When looking for the best MPF schemes, either as an as an employer of Hong Kong employees, or as an employee rolling over funds from an old job, the two most important factors to look for are:
- Low expenses
- Diversified fund choices
It is important to note that it is usually not wise to choose mutual funds solely on their past performance, but rather by looking at their holdings and how much they charge in expenses to hold those funds. If two funds hold identical stock portfolios, it makes no sense to pay one fund manager $10,000/year and another $1,000/year to manage the same $1,000,000 investment in the same stock portfolios.
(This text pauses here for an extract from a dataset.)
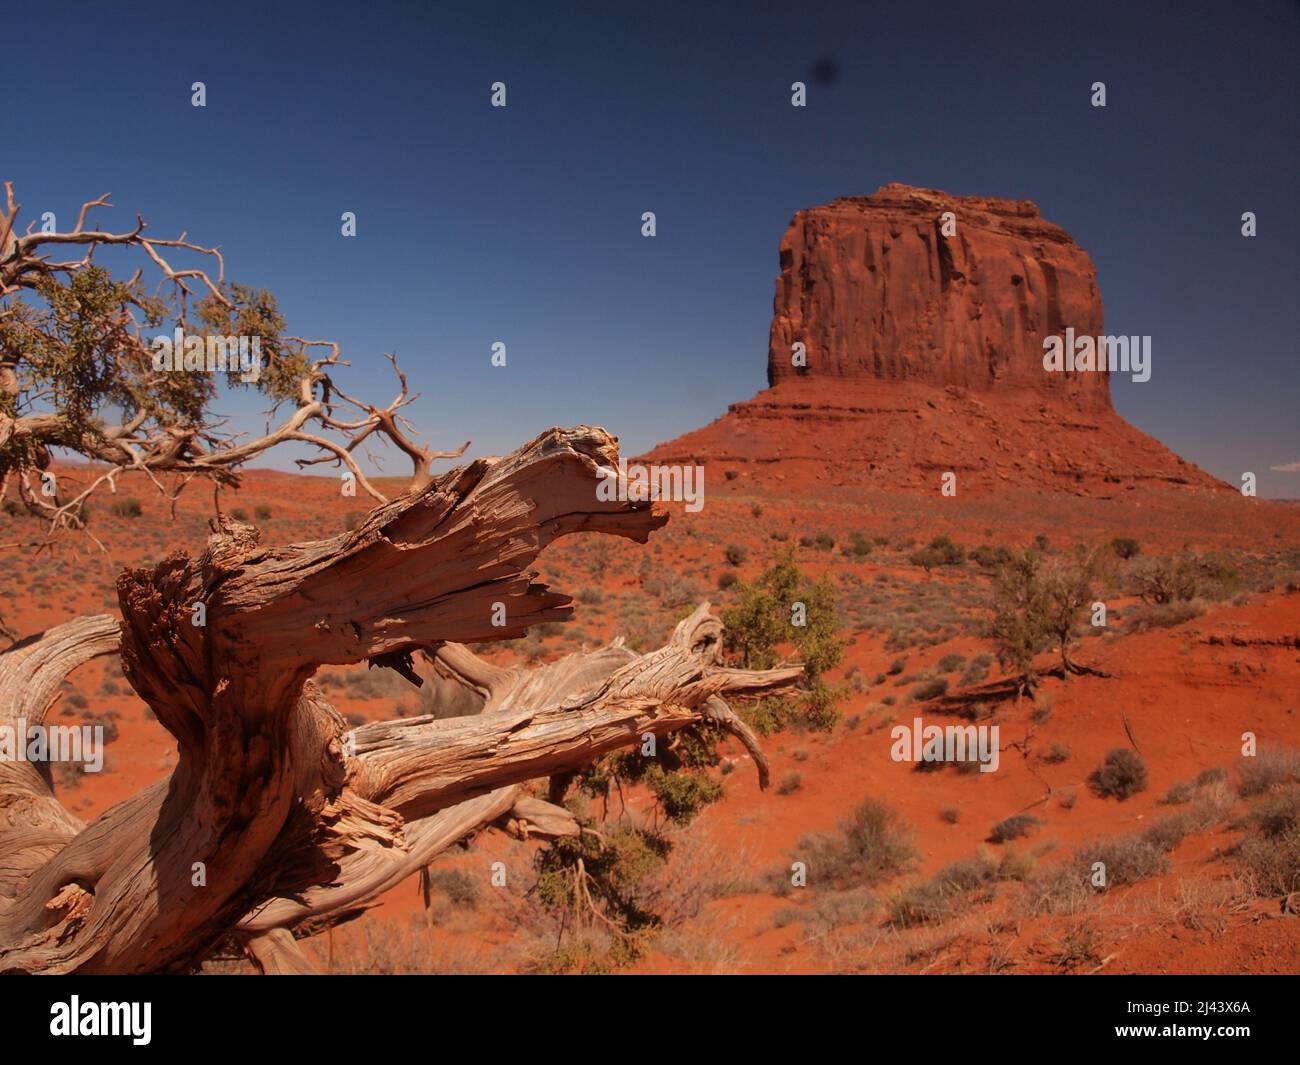 Monument Valley dans le nord de l'Arizona et le sud de l'Utah dans la nation Navajo. Site spectaculaire rendu célèbre dans les films américains occidentaux. Banque D'Images

MPF schemes, unfortunately for Hong Kong employees, tend to be very expensive and very limited by international standards, and even compared to other investment options in Hong Kong which are not mandatory. Below is a pivot table of the average fund expense ratios (FER) of some of the different MPF schemes in Hong Kong, based on this data page from the MPFA. Note that:
- The cheapest MPF bond funds charge around 0.8% per year, compared with 2819.HK, which charges 0.19% per year
- The cheapest MPF stock (equity) funds charge around 0.8% per year, compared with 2800.HK charging 0.1% per year for HK stock exposure, and 3101.HK, 3140.HK and 3126.HK charging 0.18% per year for international stock exposure.
- Guaranteed and Mixed Asset funds are basically expensive blends of stock and bond funds.
- MPF money market funds can be some of the cheapest, charging as little as 0.35%, but an average of 0.6%, which is more than most banks pay on fixed deposits. Money market funds are rarely a good place to allocate much of an MPF account anyway.
The higher cost of MPF schemes is supposedly due to all the manual and paper-based administration of MPF accounts for employees, which is why it would be so important for the MPFA to push paperless, electronic administration and direct ETF-based MPF plans invested in low-cost ETFs through CCASS. Another comparison is that most MPF plans charge fees comparable to full-service financial advisers, but without the service.
MPF is the mandatory retirement fund that all non-exempt Hong Kong employers and employees are required to contribute to, and so far, the only people I’ve met who seem happy with any of the MPF schemes are those who make large fees managing or selling them.
Meanwhile, when asked, I often recommend employees put in only the mandatory MPF contributions and make no voluntary contributions, as there are better and cheaper investment options outside of even the best MPF schemes.
This post of course is not investment advice and not a recommendation to buy or sell any investment product.